- Theatrical release poster
- Directed by: François Truffaut
- Screenplay by: Jean-Loup Dabadie François Truffaut
- Based on: Such a Gorgeous Kid Like Me by Henry Farrell
- Produced by: Marcel Berbert
- Starring: Bernadette Lafont
- Cinematography: Pierre-William Glenn
- Edited by: Yann Dedet
- Music by: Georges Delerue
- Production company: Les Films du Carrosse
- Distributed by: Warner-Columbia Film
- Release date: 12 September 1972;
- Running time: 100 minutes
- Country: France
- Language: French
- Box office: 684,919 admissions (France)

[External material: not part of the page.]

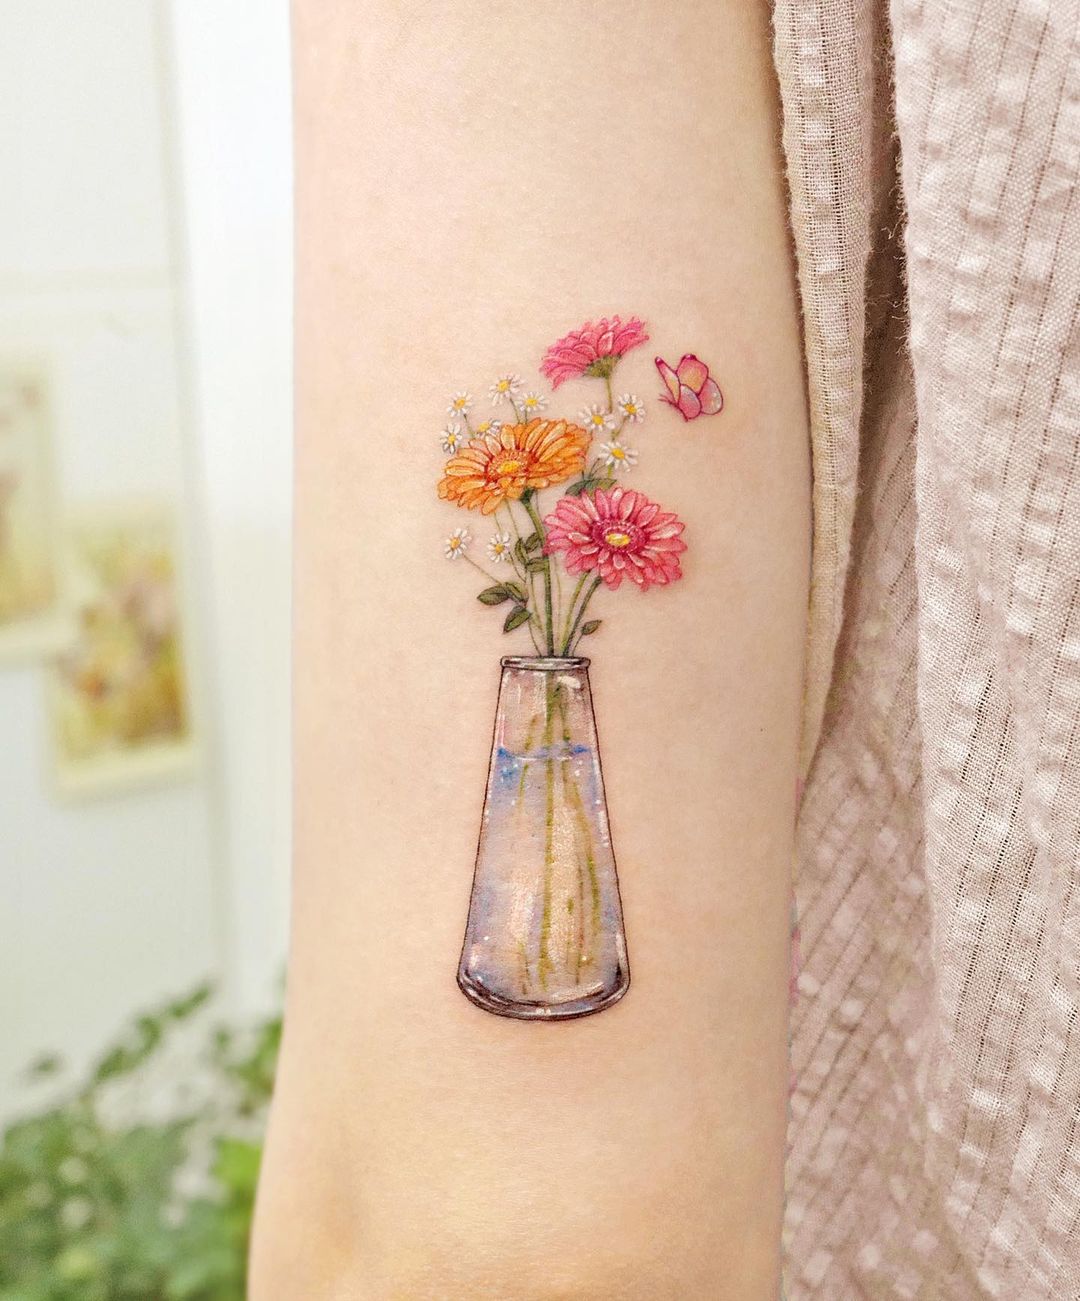 Brilliant Coverup Tattoos Combine Blackout Ink with Blossoms

= A Gorgeous Girl Like Me =

1972 French film by François Truffaut

A Gorgeous Girl Like Me (Une belle fille comme moi), also known as A Gorgeous Bird Like Me, is a 1972 French film directed by François Truffaut, starring Bernadette Lafont. It is based on Henry Farrell's 1967 novel of the same name.

Truffaut called it "a sarcastic comedy thriller."

==Plot==
Stanislas Previne is a young sociologist preparing a thesis on criminal women. He meets Camille Bliss in prison to interview her. Camille is accused of having murdered her lover Arthur and her father. She tells Stanislas about her life and her love affairs.

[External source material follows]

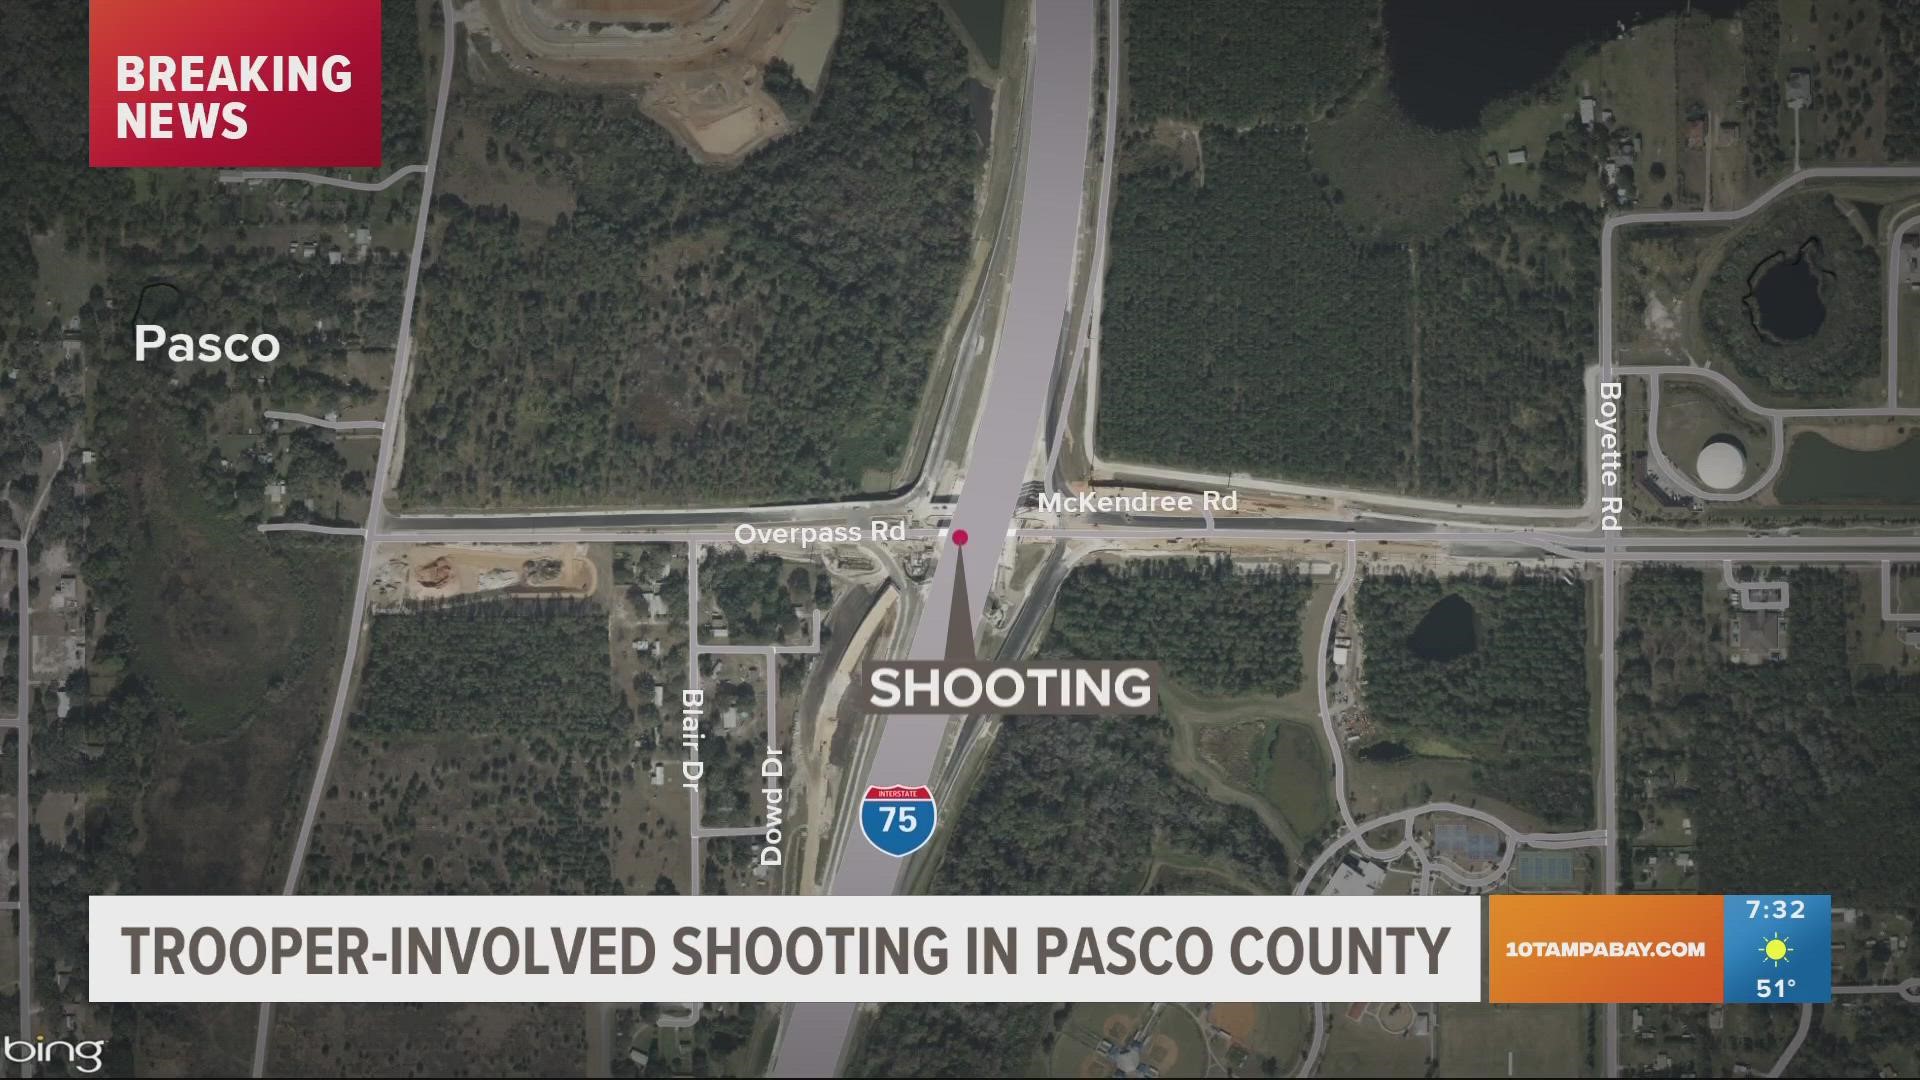 The shooting happened in the area of Overpass Road and I-75

Stanislas, much to the frustration of his secretary, who also has a crush on him, soon falls in love with Camille and works to find the evidence to prove her innocence. His secretary tries to convince the sociologist that Camille is a "manipulative slut" but he cannot be convinced. Through investigation, the sociologist and his secretary find a young boy, an amateur filmmaker, who has captured the evidence they need on film to secure Camille's release from prison.

Once free, Camille, who always has loved music and has seduced the cabaret singer Sam Golden earlier in the film, becomes a cause célèbre and a singing star. Stanislas meets her after a performance, and she seduces him at her home; however, her husband (who is cuckolded many times during the film) discovers them and beats him up. Camille kills her husband and then plants the gun on her passed-out paramour.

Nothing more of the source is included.